**WORK REQUEST**
The listing below must be returned in full and unchanged, without the images it carries.

**DATA SECTION**
────────────────────

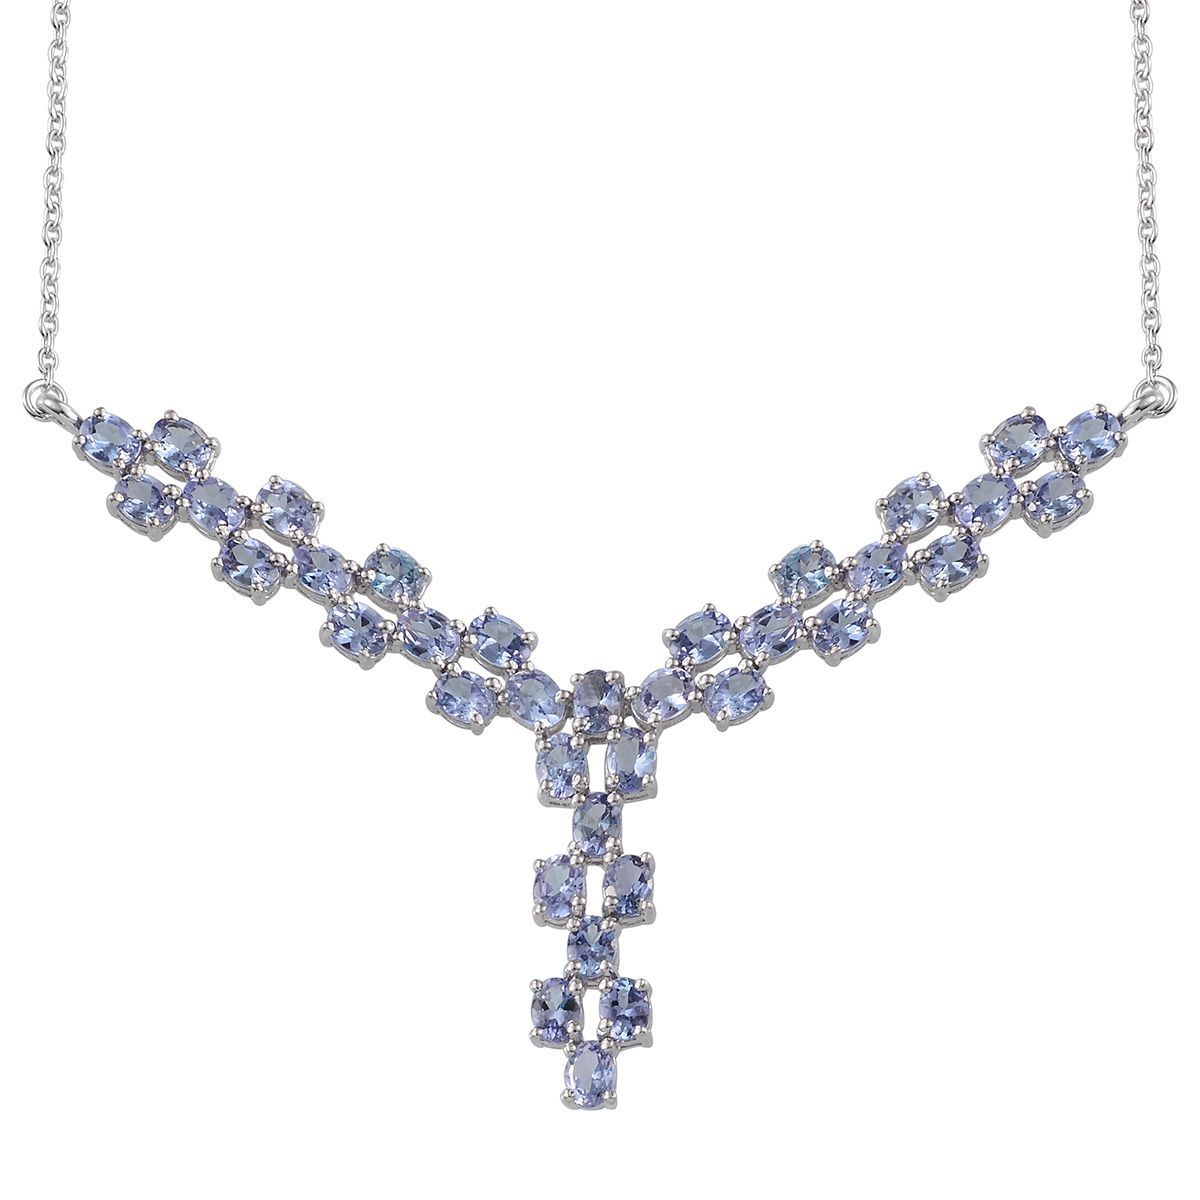 Bondi Blue Tanzanite (Ovl) Necklace (18 in) in Platinum Overlay Sterling Silver Nickel Free TGW 6.12 Cts.
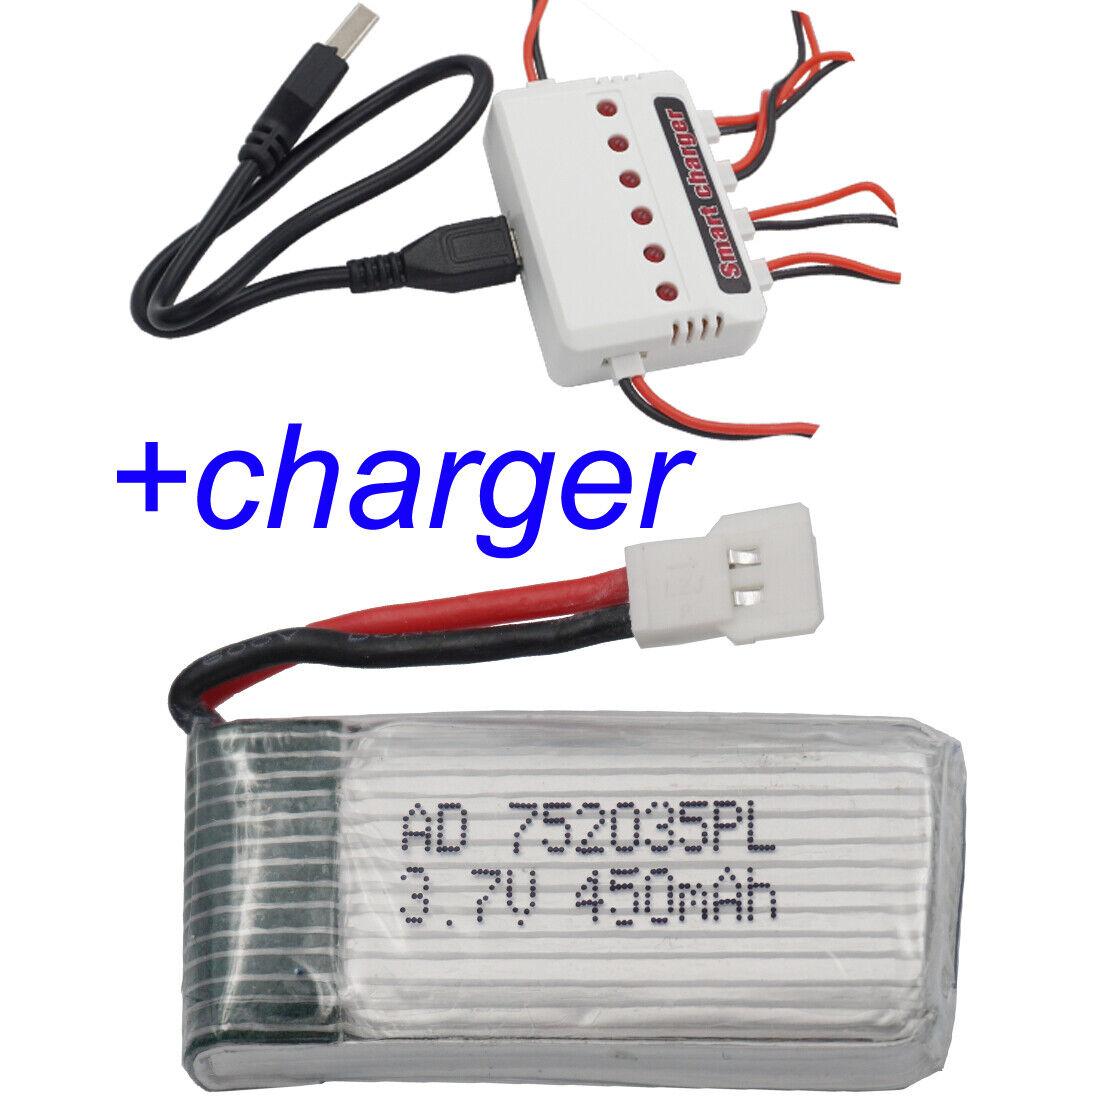 3.7V 450 mAh 25C XH 2.54 Polymer LiPo battery 752035 For SYMA X5C X5SC X5S Drone
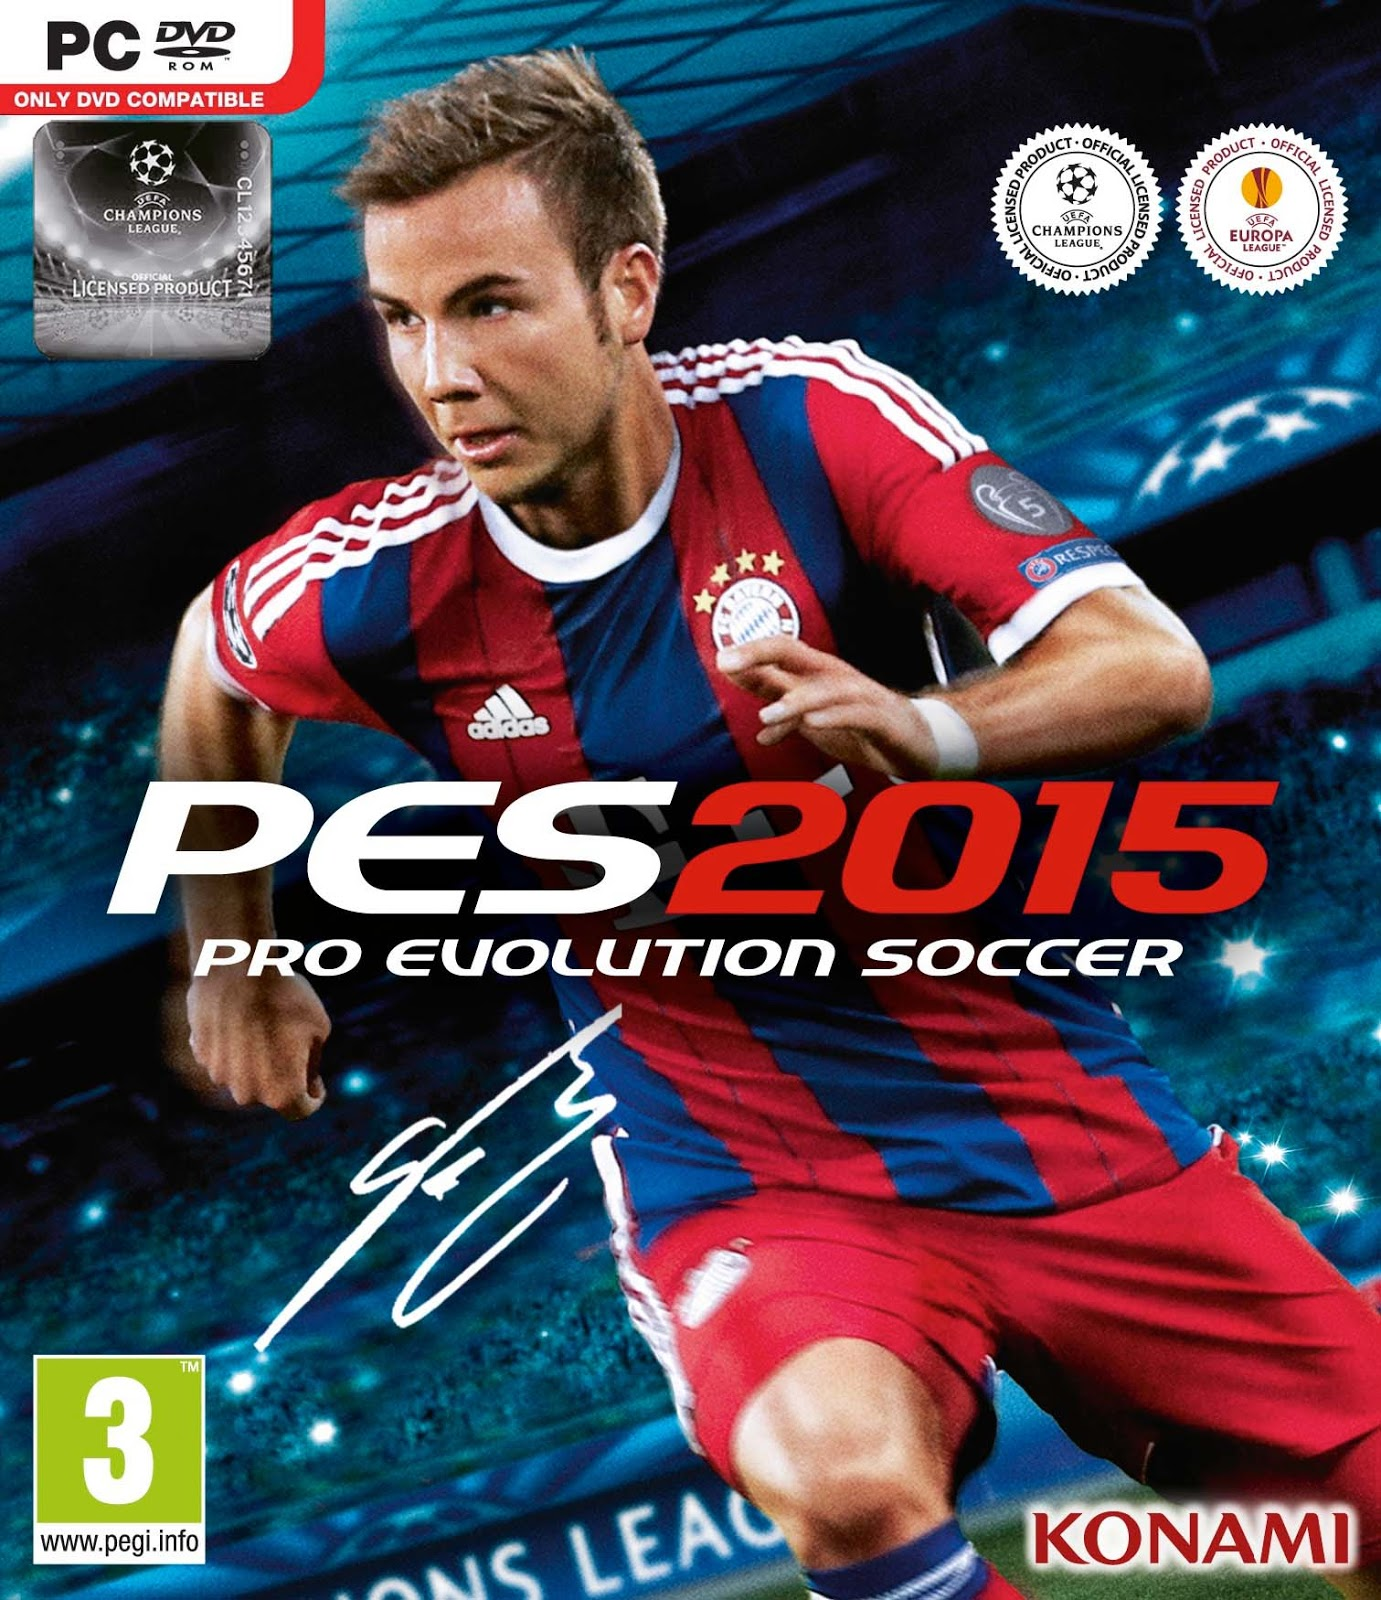 PES_2015_PC_Packshot - Copy
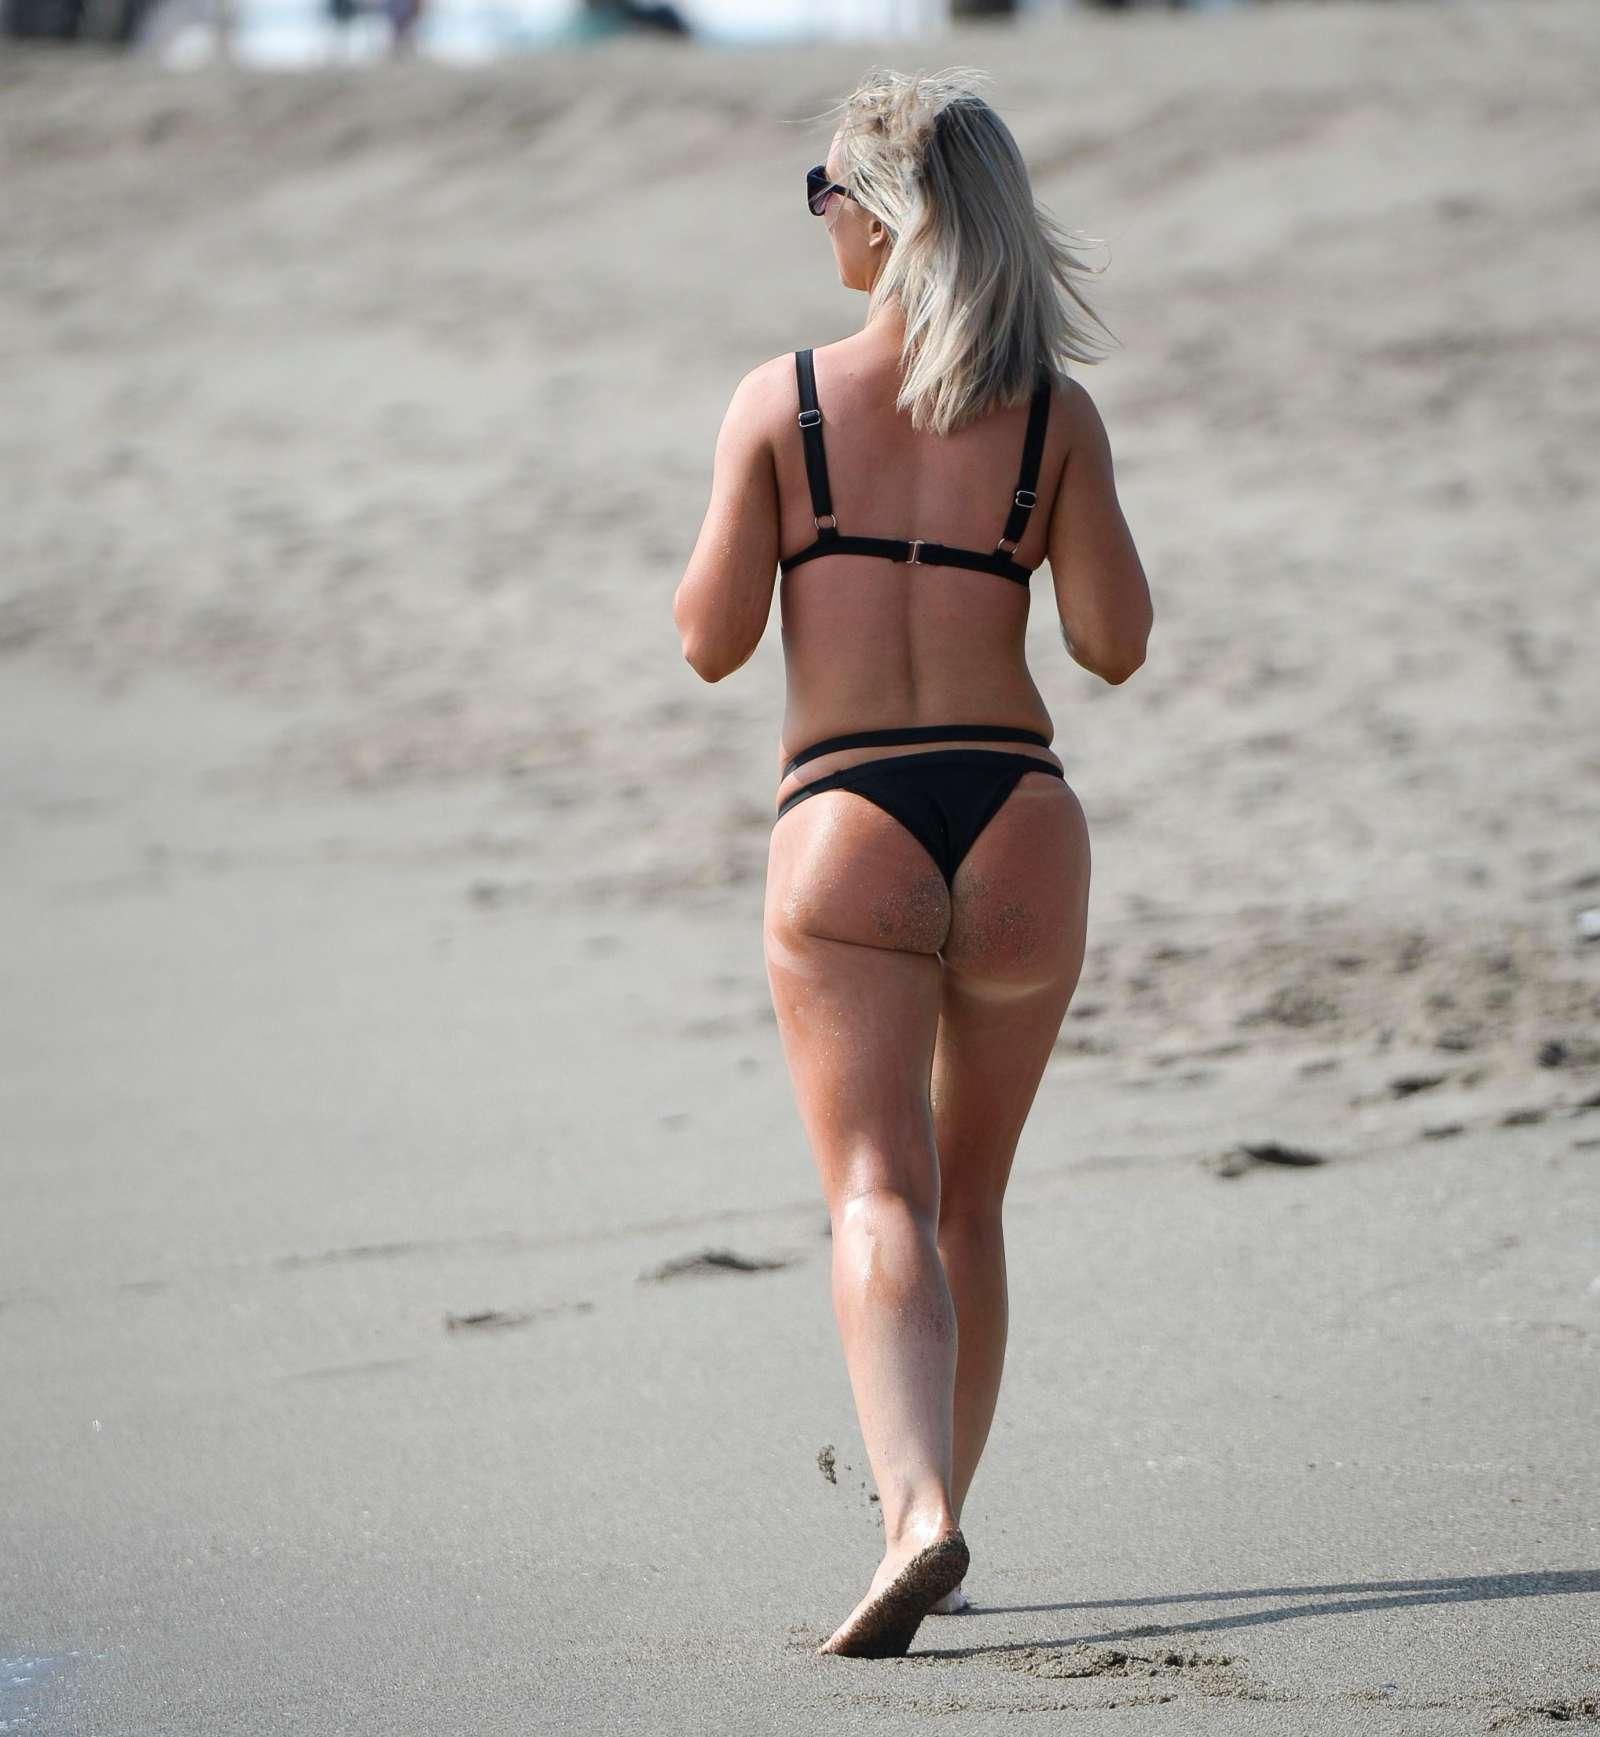 swimsuit Cleavage Michella McCollum naked photo 2017

────────────────────

**RESPONSE AREA**
 Bondi Blue Tanzanite (Ovl) Necklace (18 in) in Platinum Overlay Sterling Silver Nickel Free TGW 6.12 Cts.
 3.7V 450 mAh 25C XH 2.54 Polymer LiPo battery 752035 For SYMA X5C X5SC X5S Drone
 PES_2015_PC_Packshot - Copy
 swimsuit Cleavage Michella McCollum naked photo 2017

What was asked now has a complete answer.